Since scheduling RDS prefetches is such a difficult problem, we
make it the primary focus of this paper. Improvements in analysis tend to reduce prefetching overhead by eliminating unnecessary prefetches. However, without sufficient scheduling techniques, there will be no upside to prefetching and hence reducing
overhead will be irrelevant. Fortunately, as we discuss in the
next subsection, there are techniques for scheduling prefetches
that avoid the pointer-chasing problem.
\begin{figure}[H]
\centering
\includegraphics[width=0.6\textwidth]{p248.png}
\caption{Illustration of the pointer-chasing problem. }
\label{fig:p248}
\end{figure}
\subsubsection{Greedy Prefetching}
In a k-ary RDS, each node contains k pointers to other nodes.

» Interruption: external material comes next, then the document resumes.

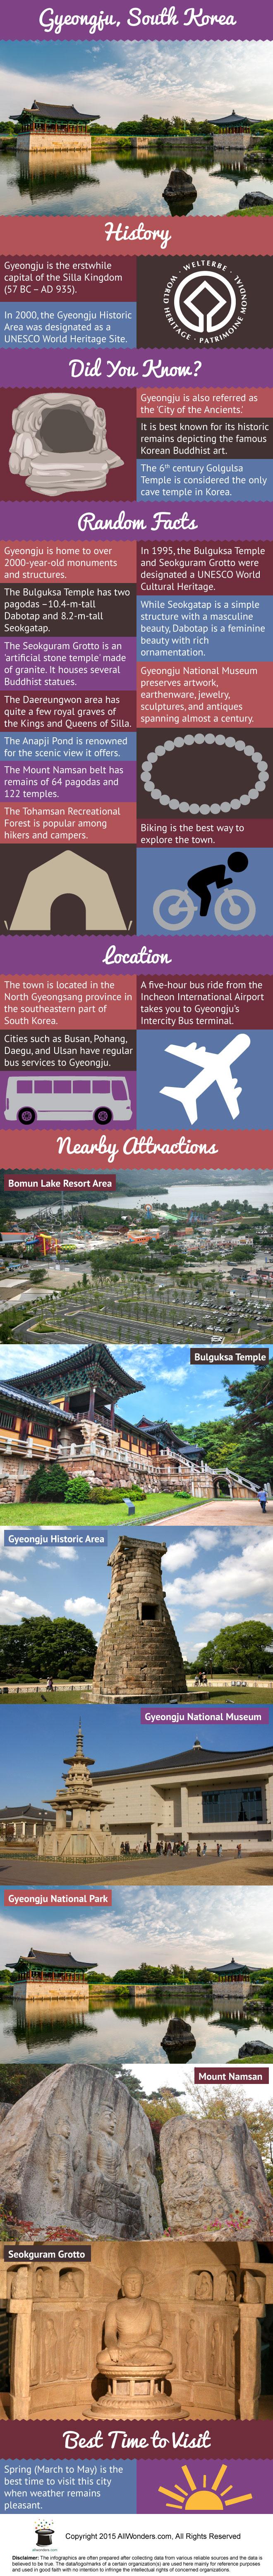 Gyeongju Infographic

Greedy prefetching exploits the fact that when $k > 1$, only one
of these $k$ pointers can be immediately followed by control flow
as the next node in the traversal. Hence the remaining $k - 1$
pointers serve as natural jump-pointers, and can be prefetched
immediately upon first visiting a node. Although none of these
jump-pointers may actually point to $n_{i+d}$ , hopefully each of them
points to $n_{i+d^{\prime}}$ , for some $d^{\prime} > 0$. If $d^{\prime} < d$, then the latency may
be partially hidden; if > d, then we expect the latency to be
fully hidden, provided that the node is not displaced from the
cache before it is referenced (which may occur if $d^{\prime} >> d$).
To illustrate how greedy prefetching works, consider the preorder
traversal of a binary tree (i.e. $k = 2$), where Figure \ref{fig:p249}(a)

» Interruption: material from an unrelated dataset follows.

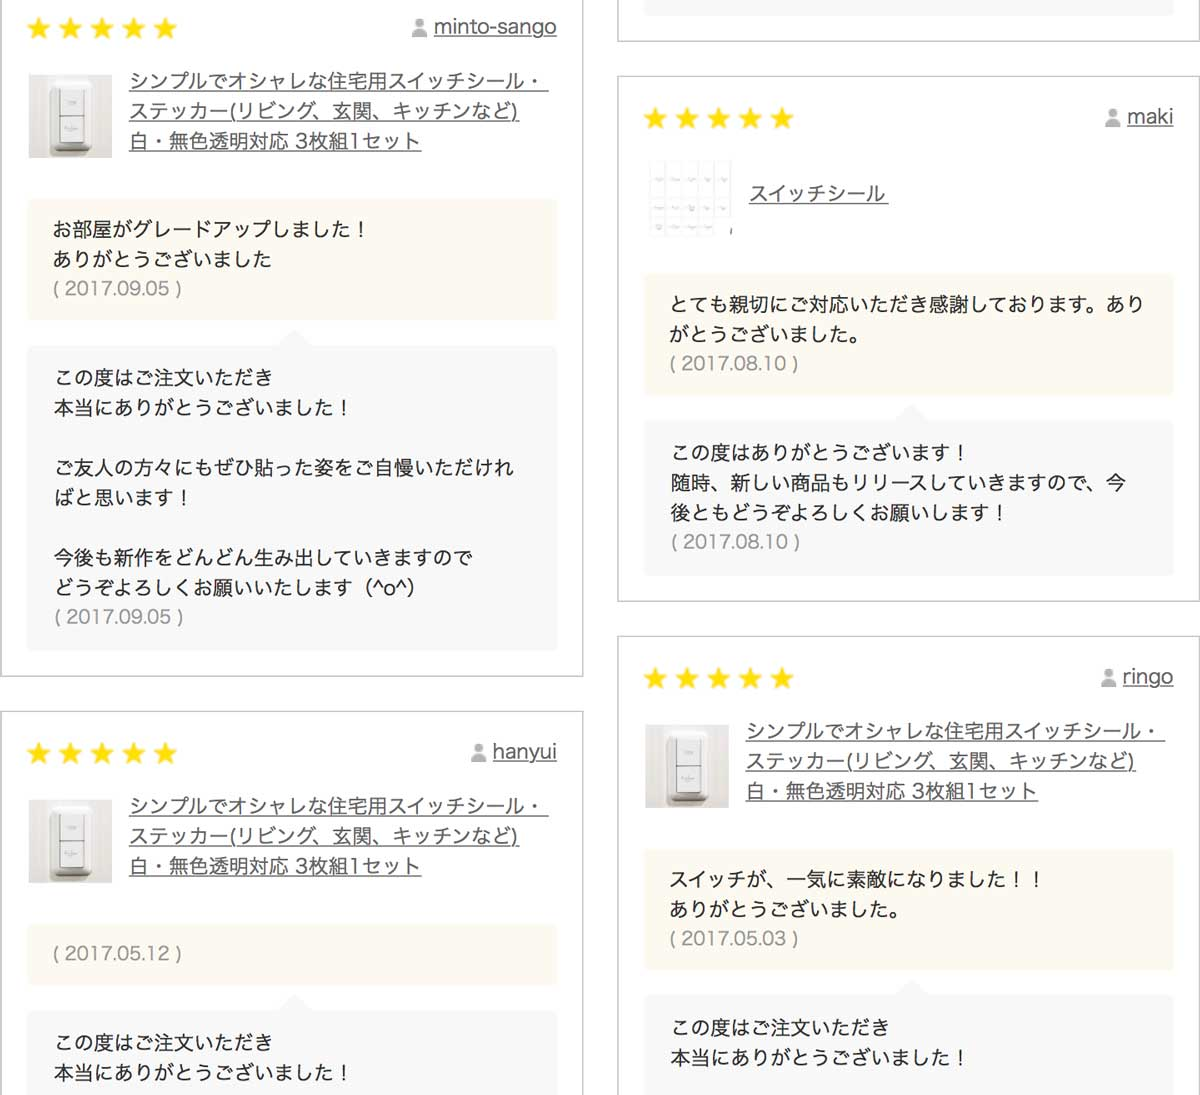 hitoiki ONLINESHOP(ひといきオンラインショップ)で実際に購入された方の評価や評判、レビュー、口コミ(クチコミ) review02

shows the code with greedy prefetching added. Assuming that
the computation in \texttt{process()} takes half as long as the cache
miss latency, we would want to prefetch two nodes ahead (i.e.

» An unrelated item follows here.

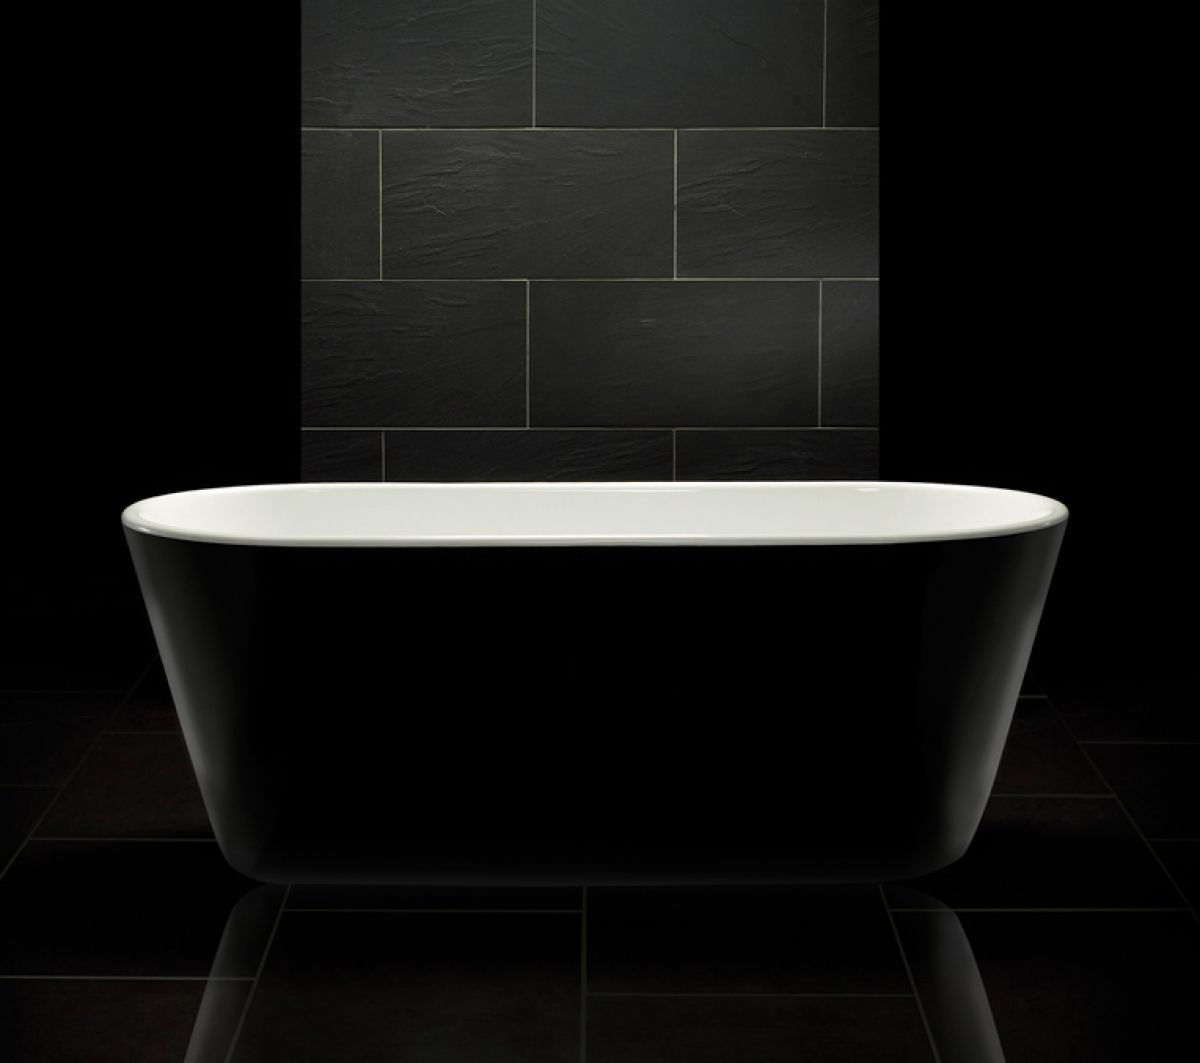 Royce Morgan Sapphire 1650mm Freestanding Bath Uk Bathrooms

$d = 2$) to fully hide the latency. Figure \ref{fig:p249}(b) shows the caching
behavior of each node. We obviously suffer a full cache miss at
the root node (node 1), since there was no opportunity to fetch
it ahead of time. However, we would only suffer half of the miss
penalty ($\frac{L}{2}$) when we visit node 2, and no miss penalty when
we eventually visit node 3 (since the time to visit the subtree
rooted at node 2 is greater than $L$). In this example, the latency
is fully hidden for roughly half of the nodes, and reduced by
50\% for the other half (minus the root node). If we generalize
this example to a k-ary tree, we would expect the fraction of
nodes where latency is fully hidden to be roughly $\frac{k-1}{k}$(assuming
that prefetched nodes are generally not displaced from the cache
before they are referenced). Hence a larger value of $k$ is likely
to improve the performance of greedy prefetching, since more
natural jump-pointers are available.
\begin{figure}[H]
\centering
\includegraphics[width=0.6\textwidth]{p249.png}
\caption{Illustration of greedy prefetching. }
\label{fig:p249}
\end{figure}
Greedy prefetching offers the following advantages:
(i) it has
low runtime overhead, since no additional storage or computation is needed to construct the natural jump-pointers;
(ii) it is
applicable to a wide variety of RDSs, regardless of how they are
accessed or whether their structure is modified frequently; and
(iii) it is relatively straightforward to implement in a compiler. The main disadvantage of greedy prefetching is that it does not offer precise control over the prefetching
distance, which is the motivation for our next algorithm.